A sector in permanent compliance and continuous movement

The European Medical Device Regulation, known as MDR (EU 2017/745), has been fully in force since May 27, 2025. It is now mandatory for all devices marketed in Europe, with no exception or additional delay. Companies that have not finalized their compliance face the outright removal of their products from the European market.

This regulation imposes substantially stricter requirements than the MDD directive it replaces: strengthening of technical documentation, enhanced end-to-end traceability, structured post-market surveillance, and continuous clinical evaluation. For manufacturers, subcontractors, and distributors, the compliance burden has multiplied. Approval times have doubled for some players according to the National Council of Industry.

Added to this is an ongoing revision. On December 16, 2025, the European Commission published the proposal COM(2025) 1023, initiating a new iteration of the MDR and IVDR framework. Organizations must therefore comply with a regulatory framework that is simultaneously applicable and in the process of being rewritten, which represents unprecedented management complexity.

The regulatory framework in force

ISO 13485:2025 — Ongoing revision of the international standard for quality management. Enhanced harmonization with MDR and IVDR, new requirements in cybersecurity and traceability. Mandatory common language between manufacturers and subcontractors.

MDR EU 2017/745 — Fully applicable since May 2025. Requires a documented quality management system, continuous clinical evaluation, and structured post-market surveillance. Certification by a notified body is mandatory.

AI Act EU 2024/1689 — In force since August 2024, applicable progressively until 2027. Classifies medical devices integrating AI as high-risk systems. Double compliance required with the MDR. ANSM and DGCCRF on the front line in France.

COM(2025) 1023 — Commission revision proposal of December 16, 2025. Among the directions: digitalization of audits, lightened requirements for low-risk devices, unified European governance.

This regulatory layering is not just another administrative constraint. It is a structural transformation that requires profiles within organizations capable of steers it over the long term — with the rigor of a regulatory expert and the vision of a strategic leader.

AI and Quantum: powerful accelerators under high ethical surveillance

Artificial intelligence is already transforming medical devices profoundly. Medical image analysis software, early detection algorithms, and clinical decision support tools constitute a new category of devices that the European regulation calls "Software as a Medical Device". These systems are now subject to a dual compliance obligation: MDR for their qualification as a medical device, and the AI Act for their qualification as a high-risk AI system.
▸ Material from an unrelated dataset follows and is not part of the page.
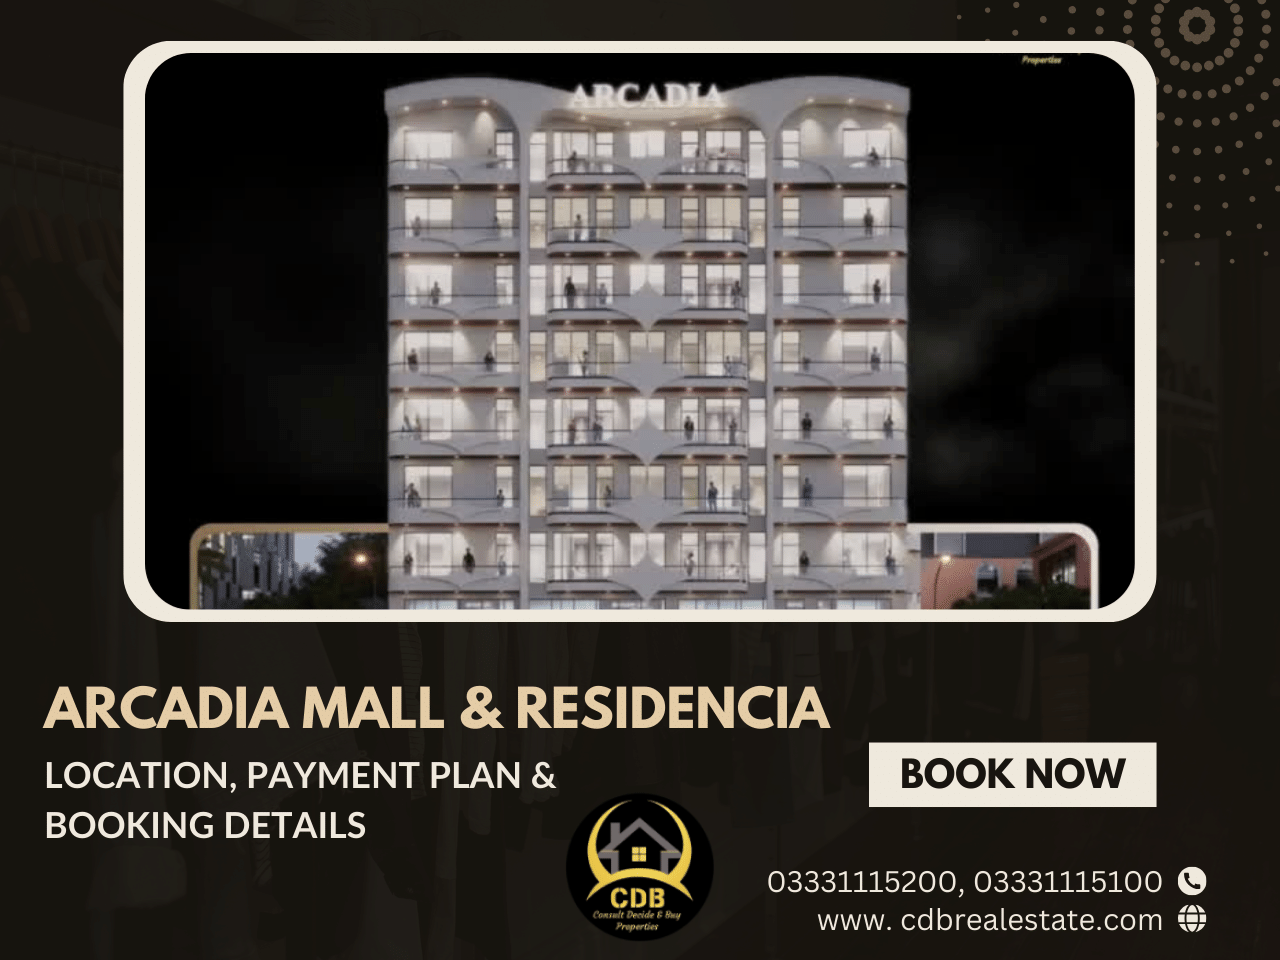 Arcadia Mall & Residencia

The AI Act adopted in June 2024 entered into force on August 1, 2024. It will apply in stages until 2027 and will be as binding as the GDPR. In France, the ANSM and the DGCCRF have been designated as the competent supervisory authorities for medical devices integrating AI. The requirements are strict: traceability of training data, transparency of algorithms, documented cybersecurity, and, above all, mandatory human supervision at every decision-making step.

Regulation does not stifle AI in healthcare. It sets a non-negotiable condition for its deployment: the permanent presence of human judgment to guide the algorithmic decision.
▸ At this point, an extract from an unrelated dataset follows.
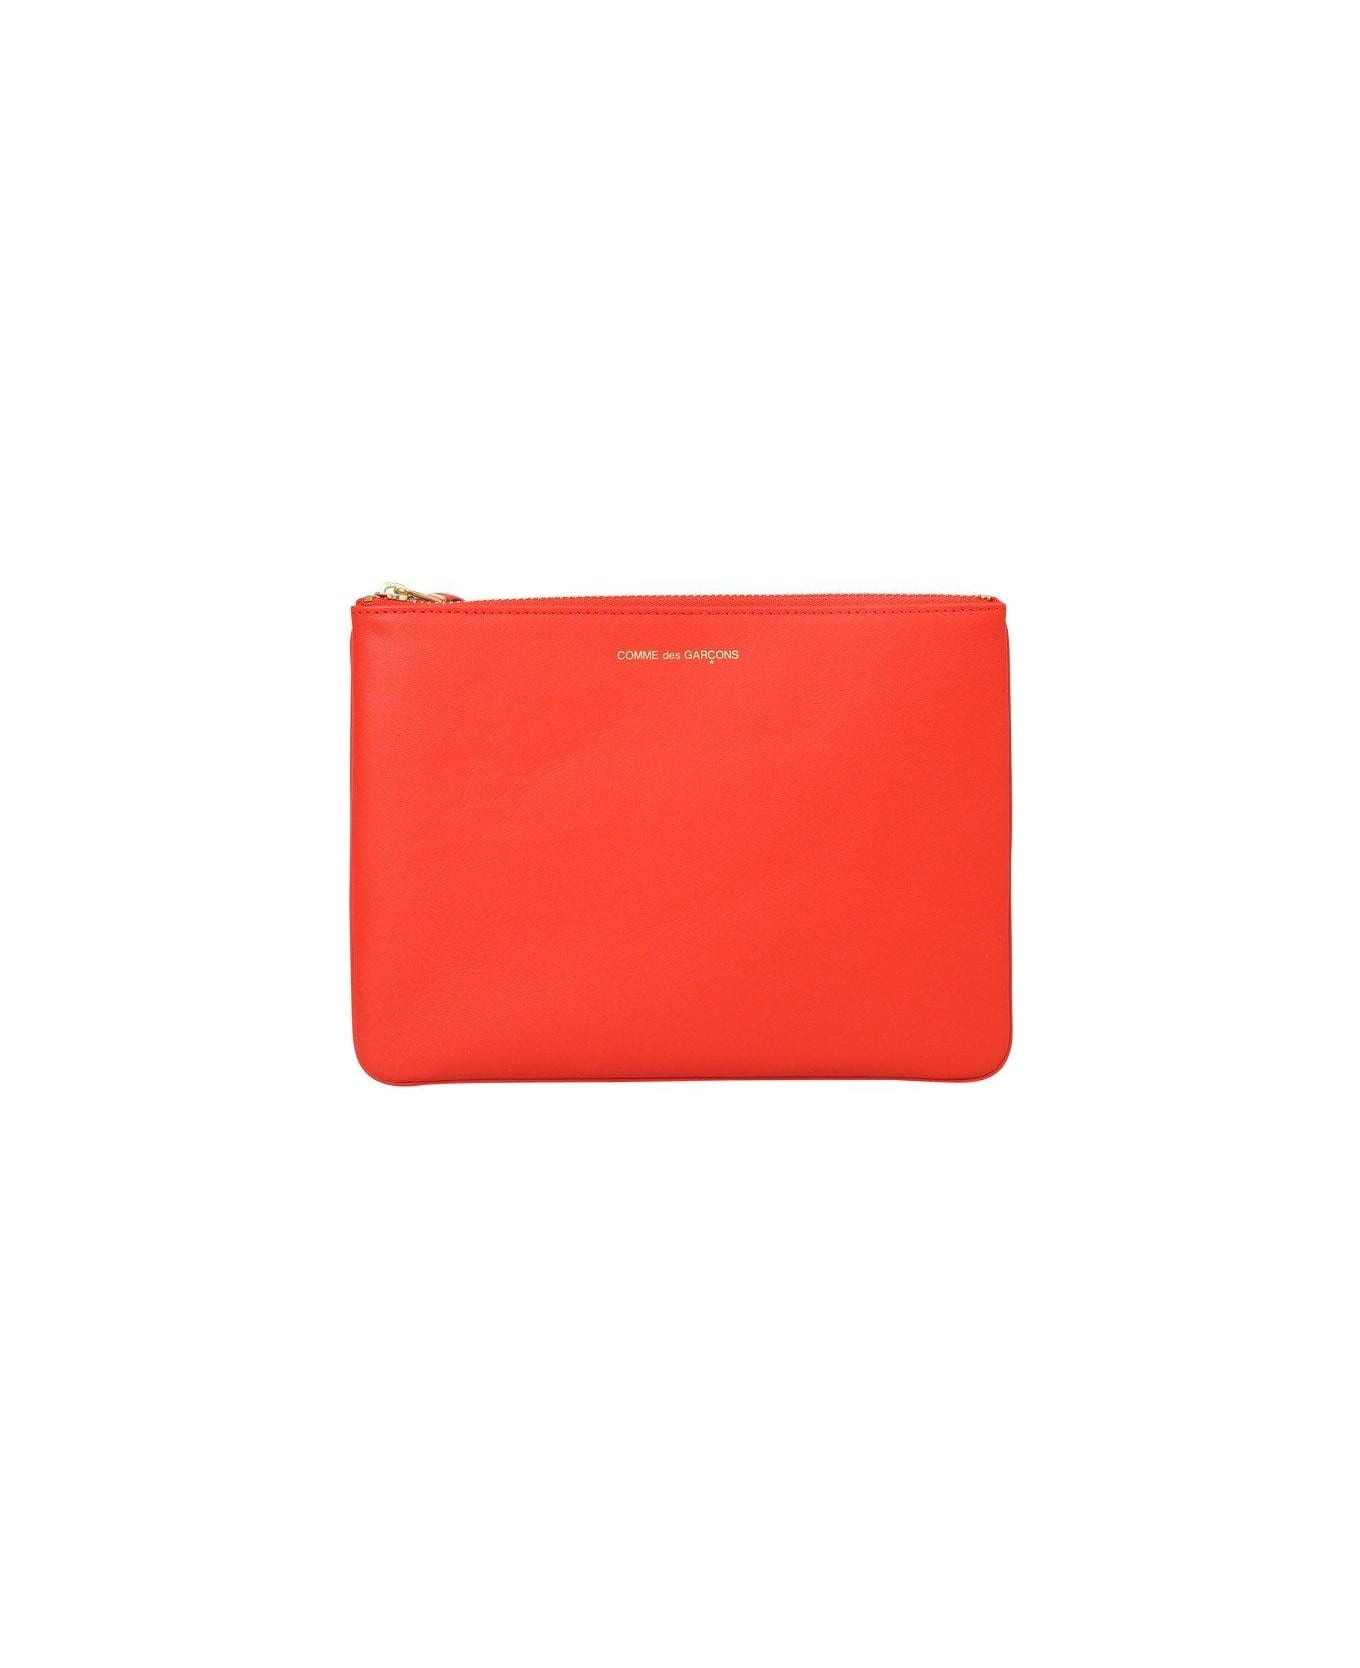 Comme des Garçons Wallet Logo Detailed Classic Wallet - Oran Orange

It is precisely on this point that the notion of ethics becomes operational. In a sector where the device directly touches the patient's life, human supervision is not a regulatory formality. It is a managerial responsibility that commits leaders at every level of the organization.
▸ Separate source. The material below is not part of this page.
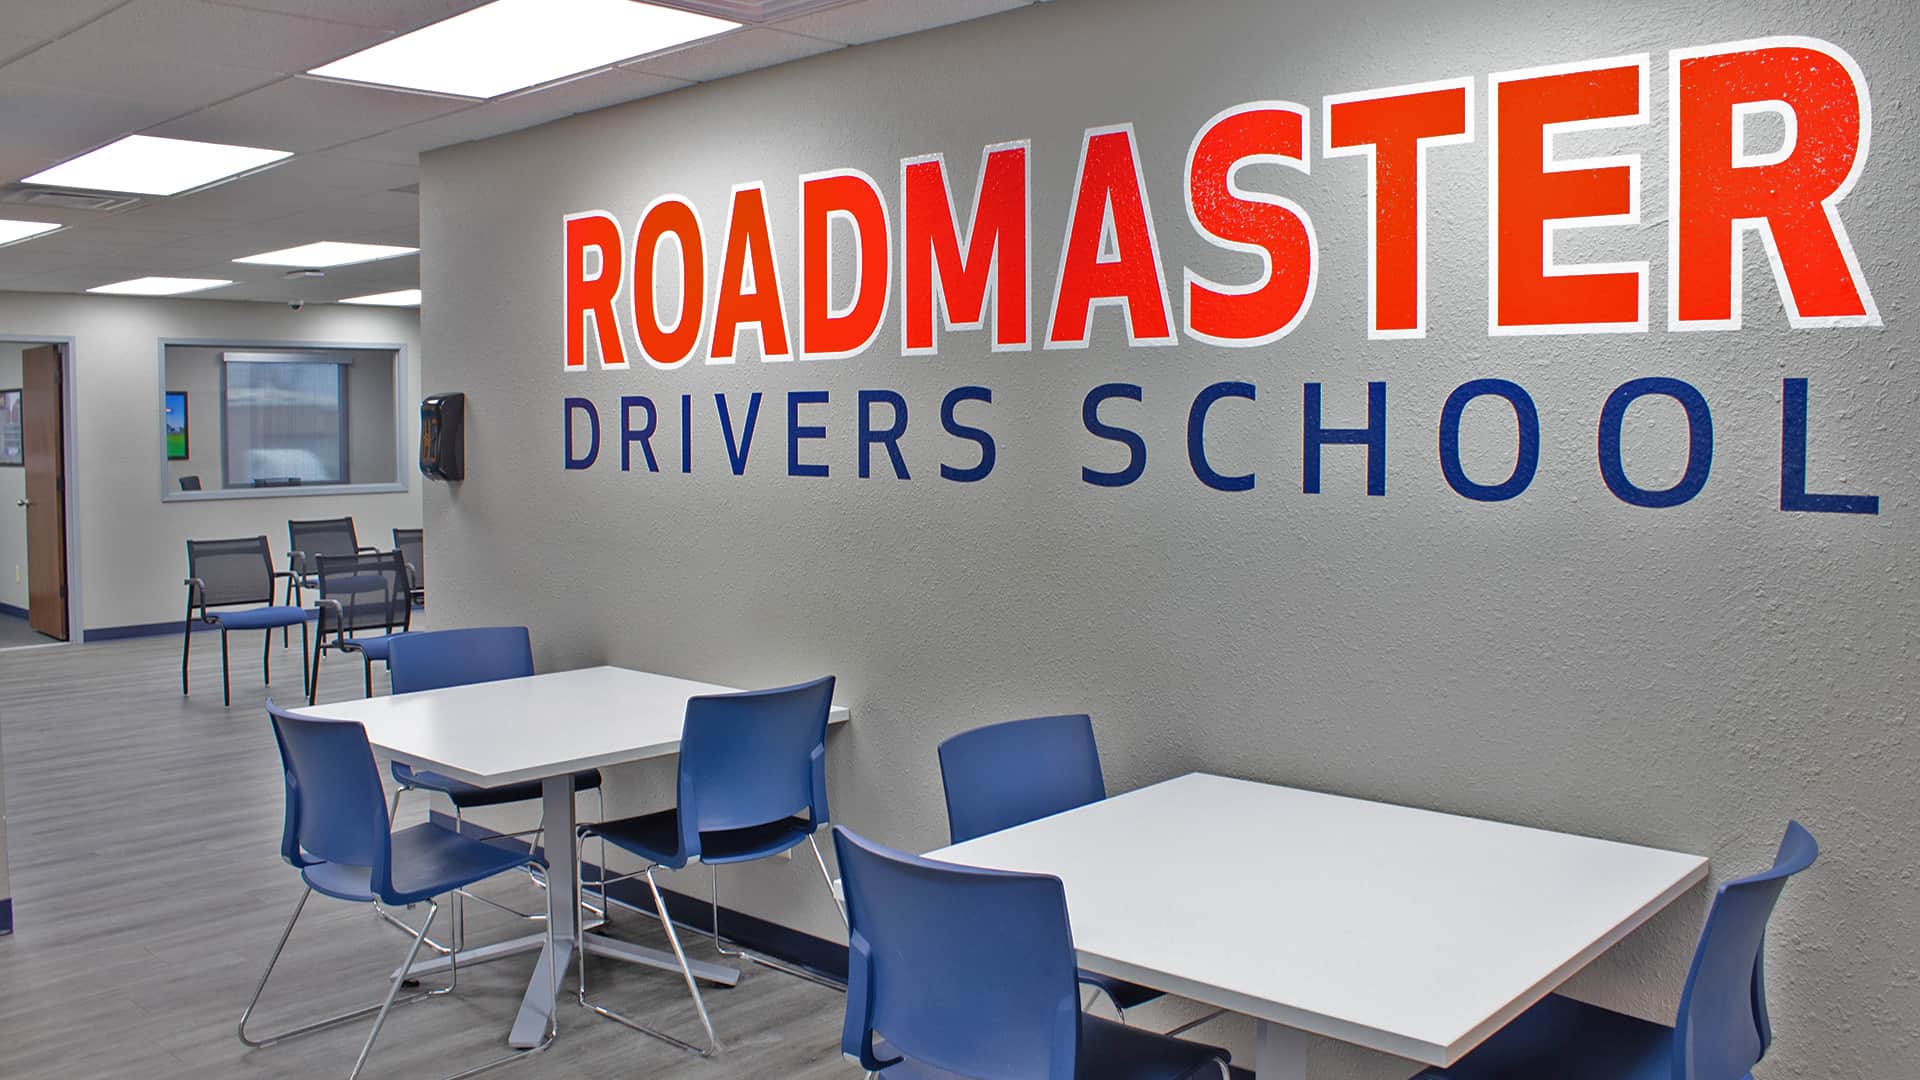 Roadmaster Drivers School of Oklahoma City, OK 9

On a more distant horizon, quantum technology outlines a disruption of another scale. In October 2025, Google presented a quantum chip capable of calculating the structure of a molecule, paving the way for concrete applications in molecular simulation and drug discovery. R&D cycles that currently take ten to fifteen years and cost billions could be considerably compressed. For medical imaging, quantum algorithms also open up prospects for unprecedented diagnostic precision.

These technologies are not yet in the hands of the majority of medtech players. But they are getting closer. And organizations that train their leaders today to understand these tools, not to be their engineers, but to be their enlightened pilots, will take a decisive lead.

The French market: one of the finest opportunities in Europe, and one of the most complex to capture

With 28 billion euros in turnover, 1,300 active companies, and 88,000 direct jobs, France is the second largest European medtech ecosystem. For Nordic, German, or Dutch players looking to grow beyond their domestic market, it is naturally one of the prime destinations.

But the French medical device market is not an ordinary market. It operates according to a double-entry logic that most foreign companies discover too late. First, regulatory access: obtaining CE marking and MDR compliance is a necessary condition, but it is not sufficient to commercialize. Second, economic access: any listing on the list of reimbursable products and services (LPPR) requires an evaluation by the HAS (High Authority for Health) and a price negotiation with the CEPS (Economic Committee for Health Products). This second hurdle is often the longest, most expensive, and least anticipated.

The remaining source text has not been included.